■ Work to complete
Transcribe the whole listing exactly, but do not carry over its pictures.

[Stored data — start]

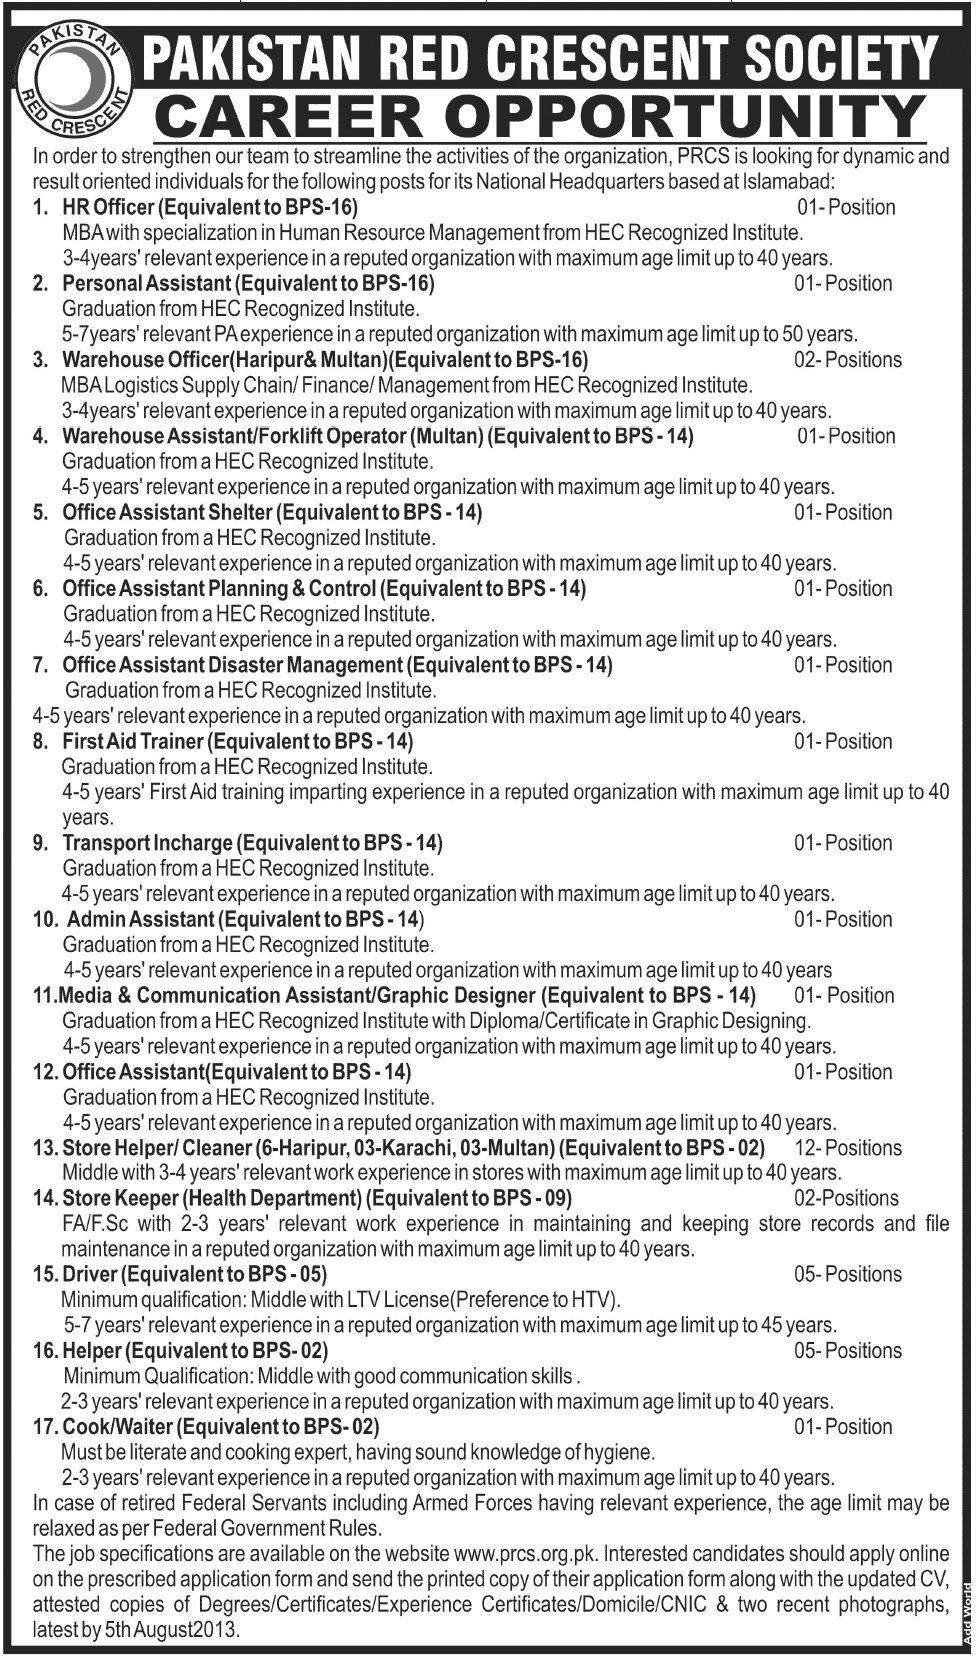 Pakistan Red Crescent Society Jobs for HR Officer & Personal Assistant
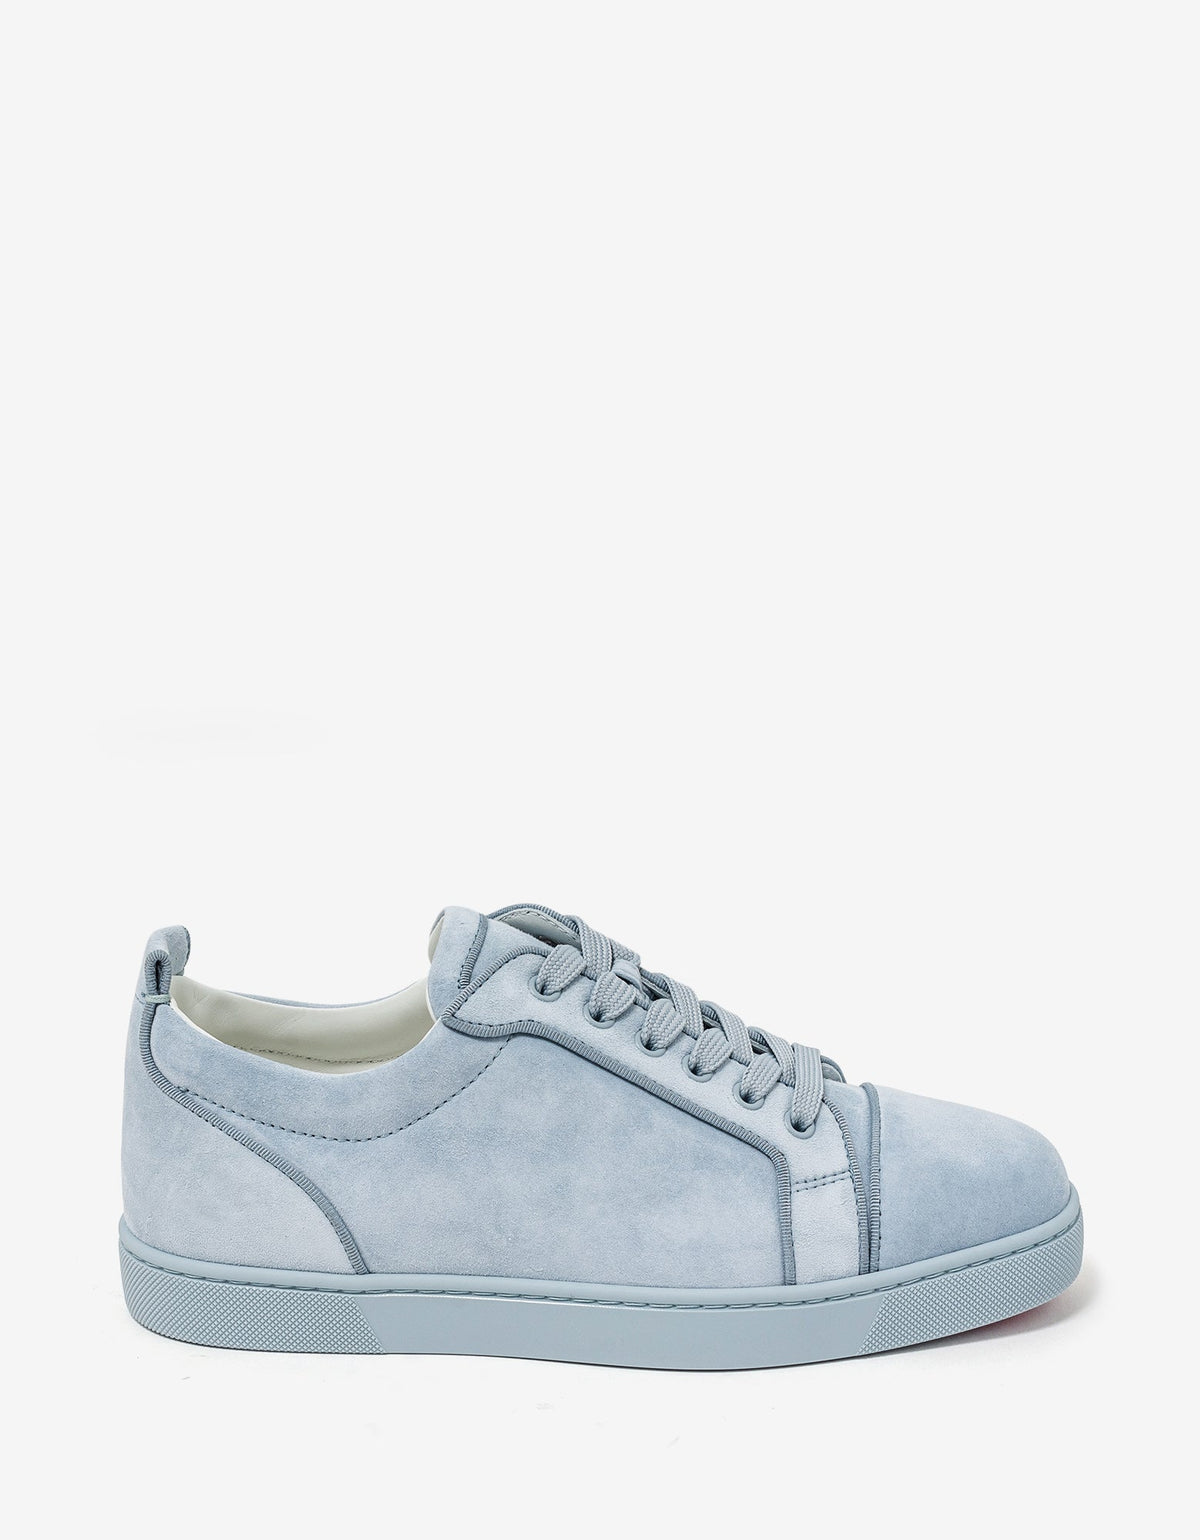 Christian Louboutin - Louis Junior Orlato Paseo Blue Suede Trainers -
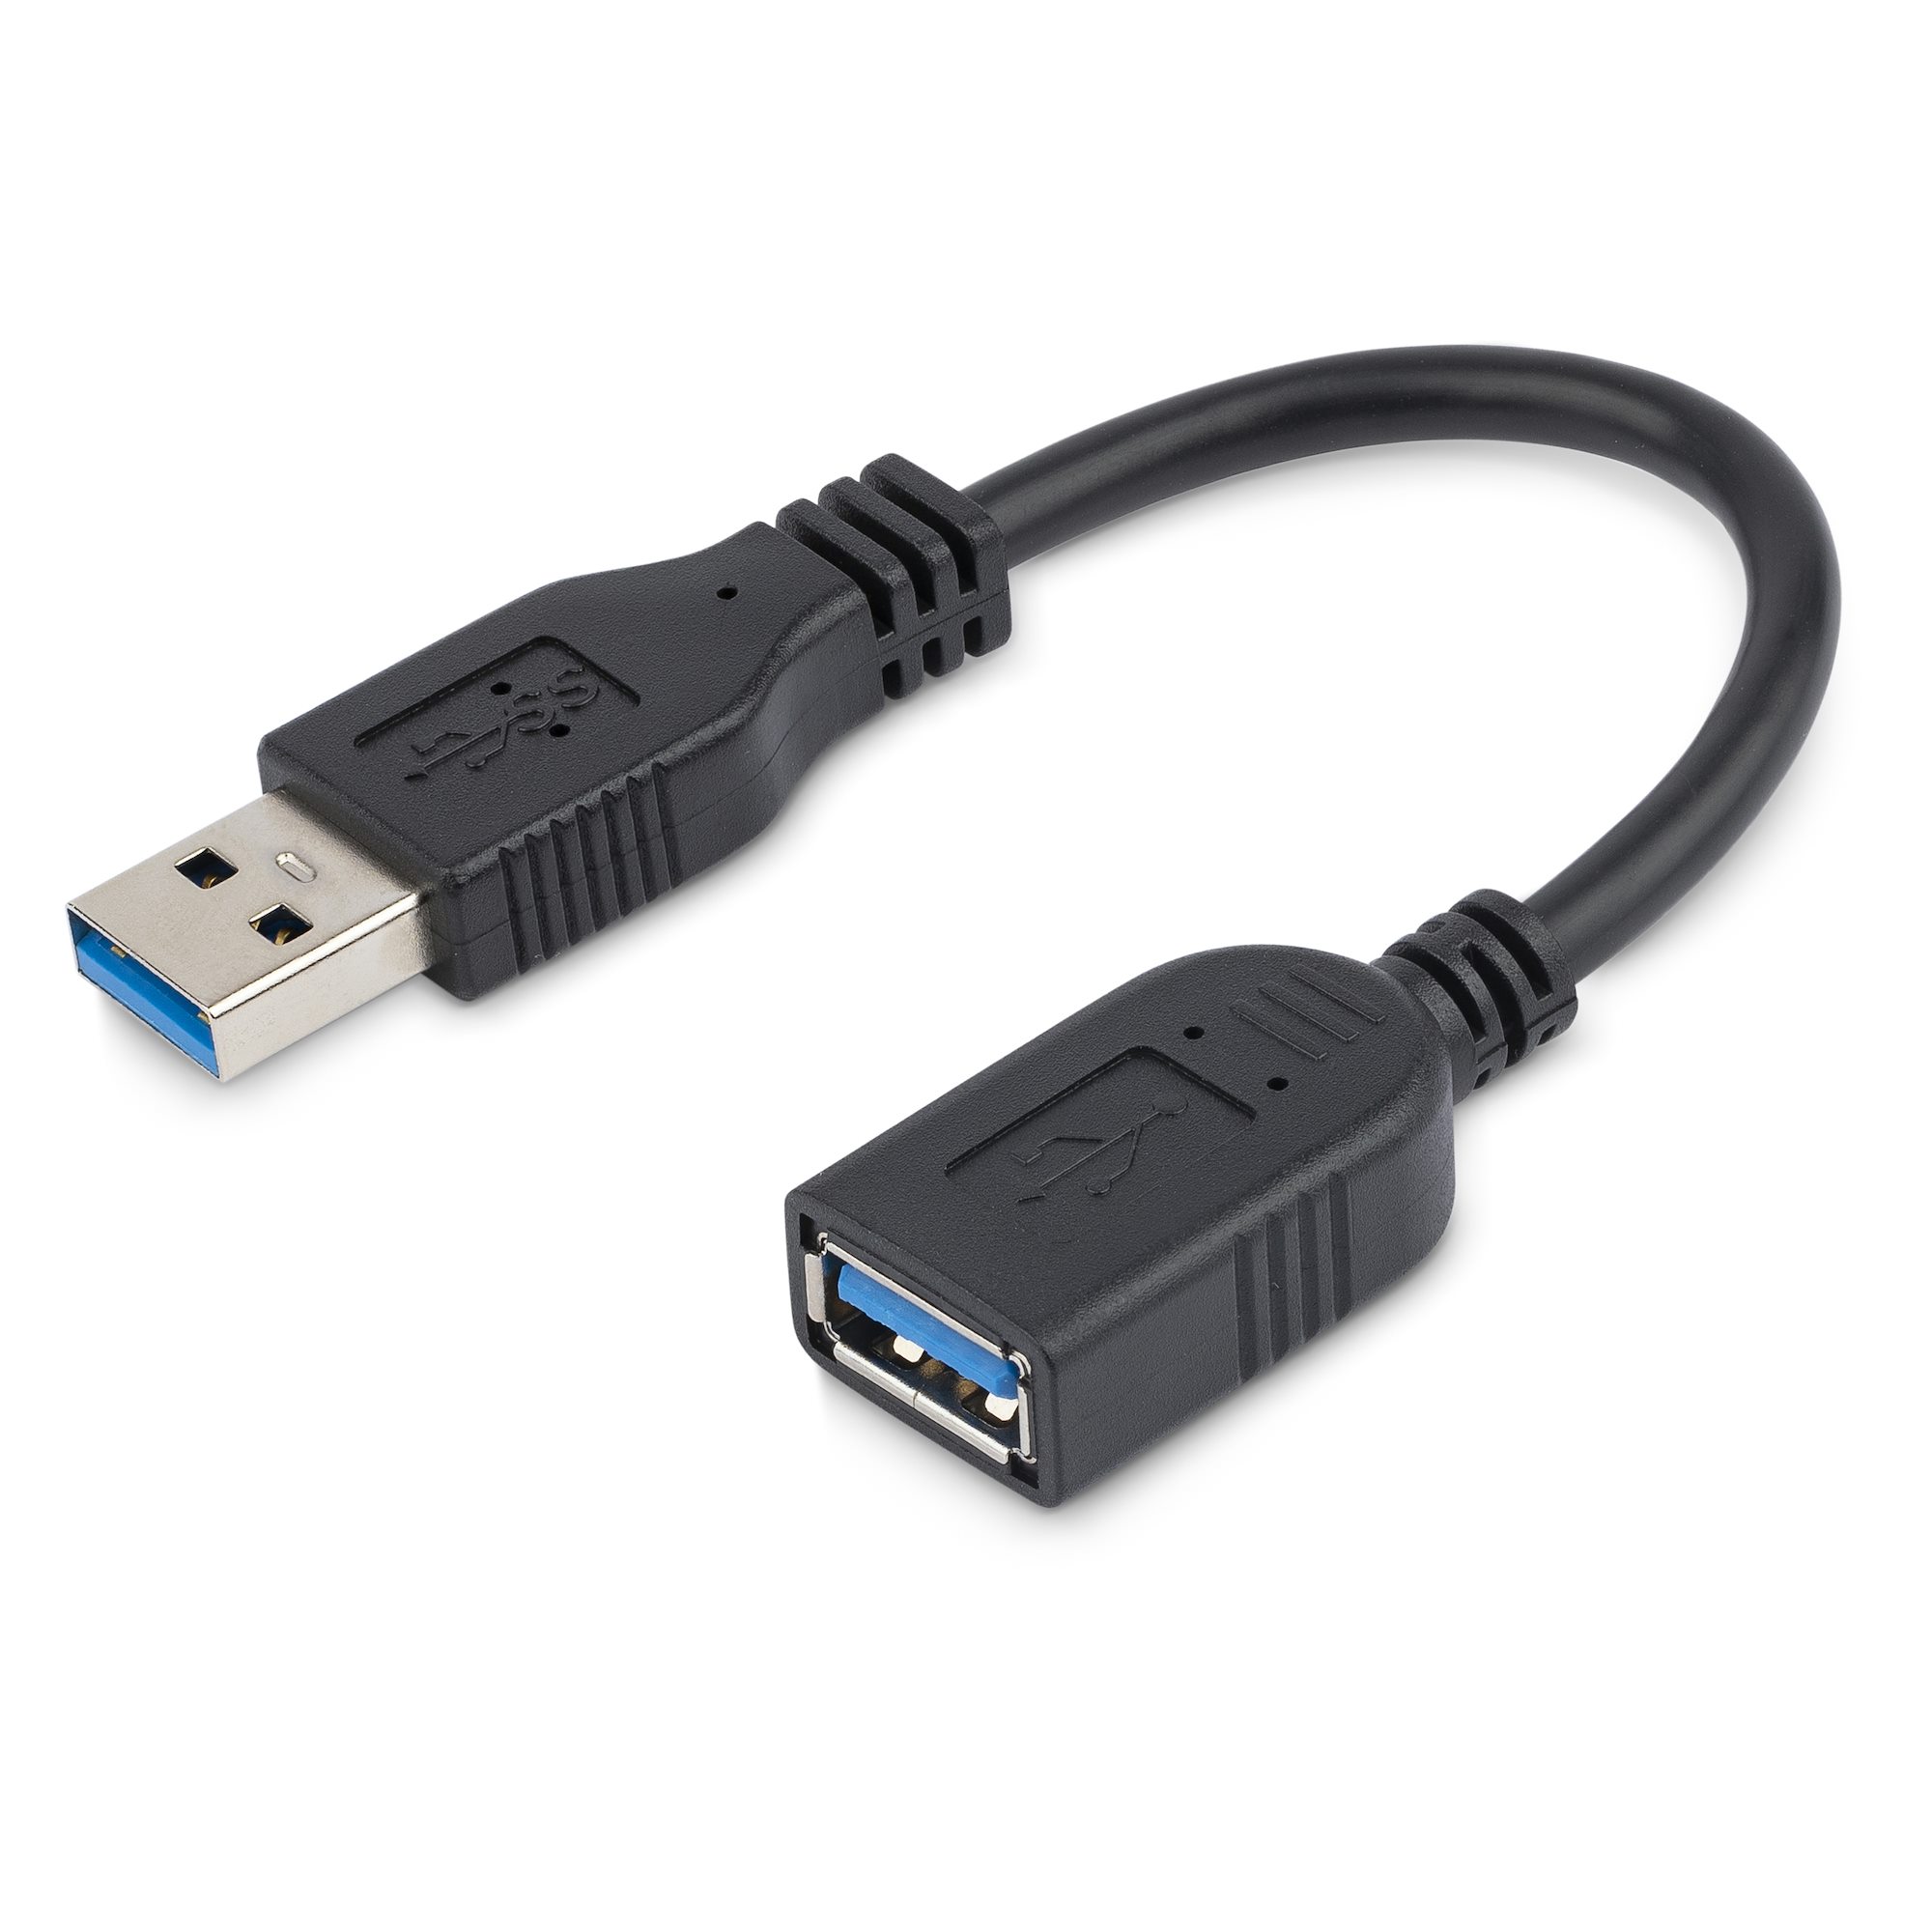 6in Black USB 3.0 Cable A to A - USB 3.0 Cables | StarTech.com
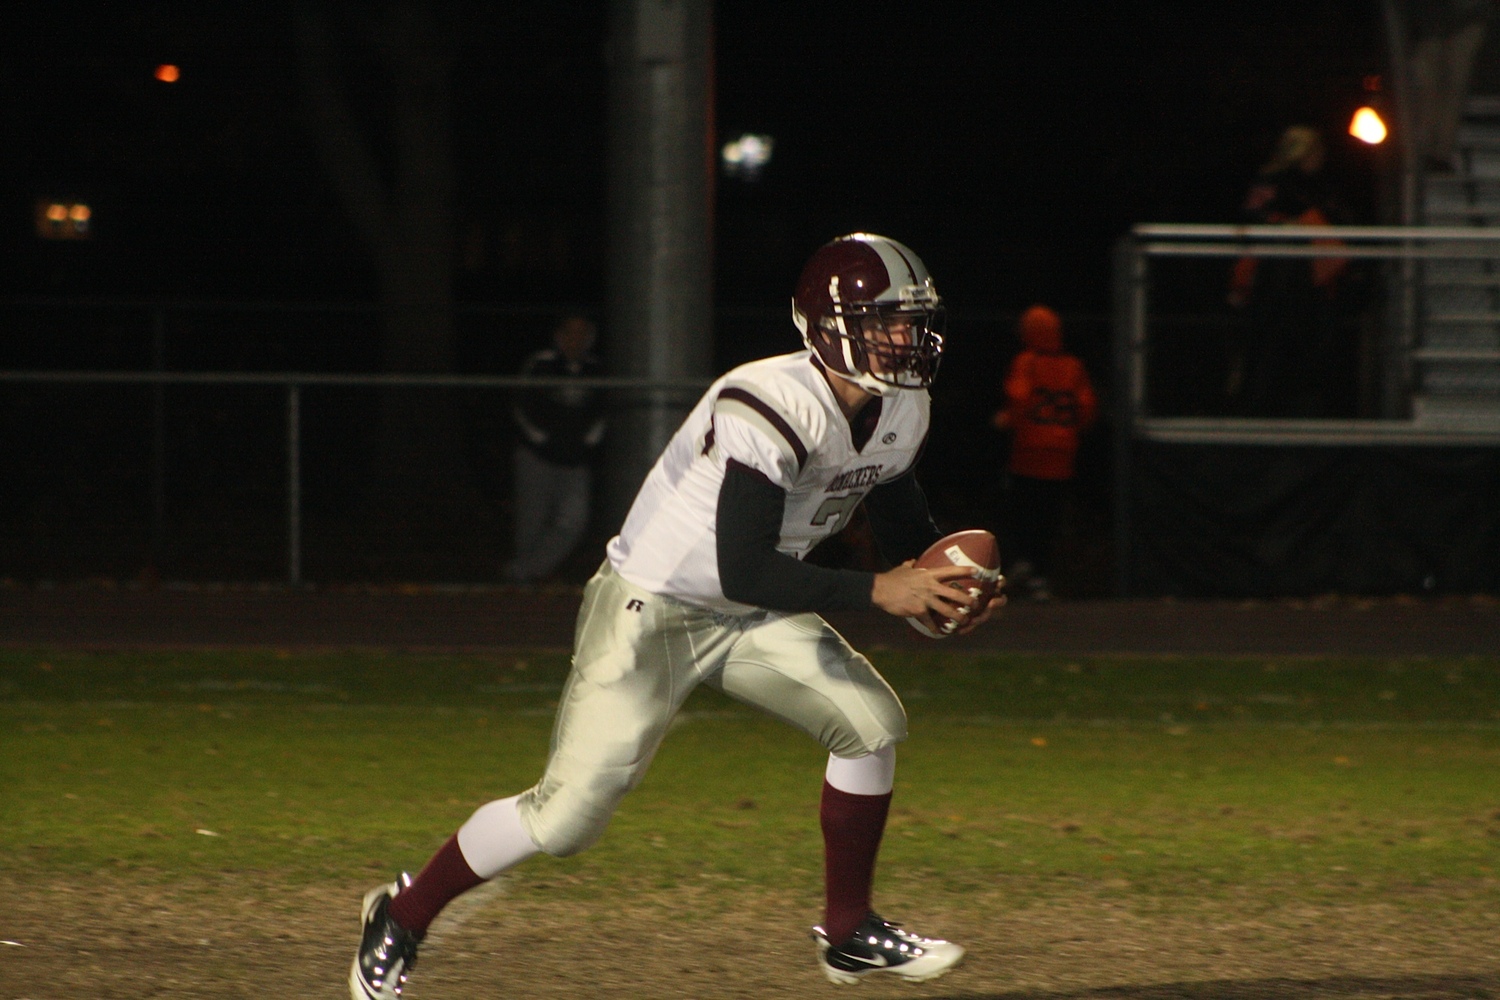 Cortland Heneveld was the quarterback of the Bonackers during their last playoff season in 2013.   CAILIN RILEY

[Stored data — finish]

■ Task output
 Pakistan Red Crescent Society Jobs for HR Officer & Personal Assistant
 Christian Louboutin - Louis Junior Orlato Paseo Blue Suede Trainers -
 6in Black USB 3.0 Cable A to A - USB 3.0 Cables | StarTech.com
 Cortland Heneveld was the quarterback of the Bonackers during their last playoff season in 2013.   CAILIN RILEY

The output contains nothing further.